* This wasn’t the much-feared double-downgrade. S&P’s action still leaves the state in investment grade territory, but just barely…
Continuing pension problems have earned Illinois another reduction in its credit rating.
Standard & Poor’s Ratings Services announced Wednesday that it is lowering Illinois’ rating a notch. The decision is based on weak funding for government pensions and a “lack of action on reform measures.”
* The official statement also warned about the expiration of the income tax hike…

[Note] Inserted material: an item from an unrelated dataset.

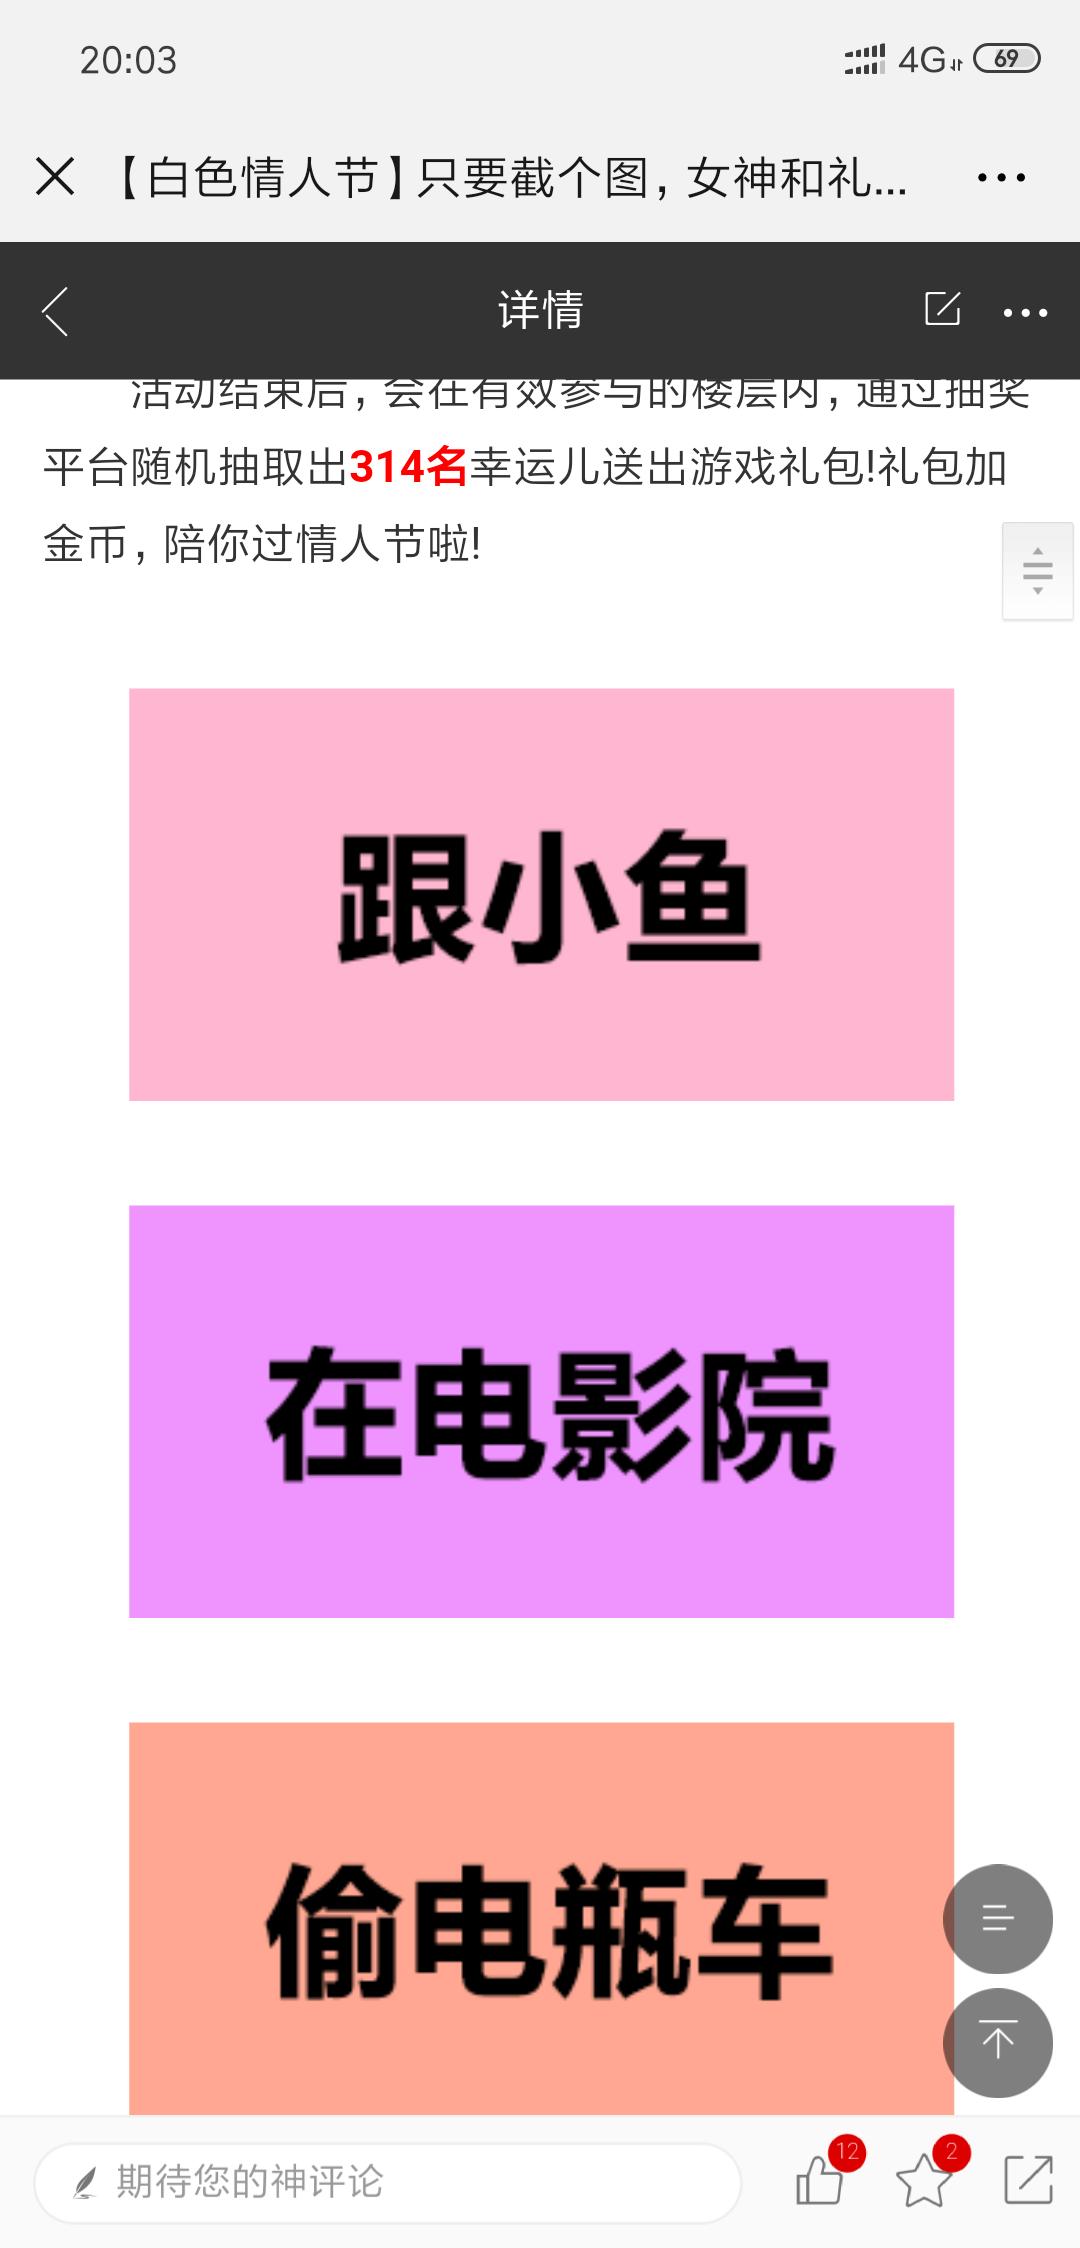 Screenshot_2019-03-13-20-03-21-880_com.tencent.mm.png

-Standard & Poor’s Ratings Services lowered its rating on Illinois’ general obligation (GO) bonds to ‘A’ from ‘A+’. At the same time, Standard & Poor’s assigned its ‘A’ rating to the state’s $50 million GO bonds of September 2012. The outlook is negative.
“The downgrade reflects the state’s weak pension funding levels and lack of action on reform measures intended to improve funding levels and diminish cost pressures associated with annual contributions,” said Standard & Poor’s credit analyst Robin Prunty. “The downgrade also reflects continued financial weakness despite significant measures in the past two years to improve structural budget performance,” added Ms. Prunty.
The negative outlook reflects the potential for further erosion of the state’s pension funds during the two-year outlook horizon and the uncertainty and risk to future budget performance due to the expiration of personal and corporate income tax rate increases on Jan. 1, 2015, which we believe could weaken financial operating results.
* Gov. Pat Quinn tries to get ahead of the blame curve with an early statement…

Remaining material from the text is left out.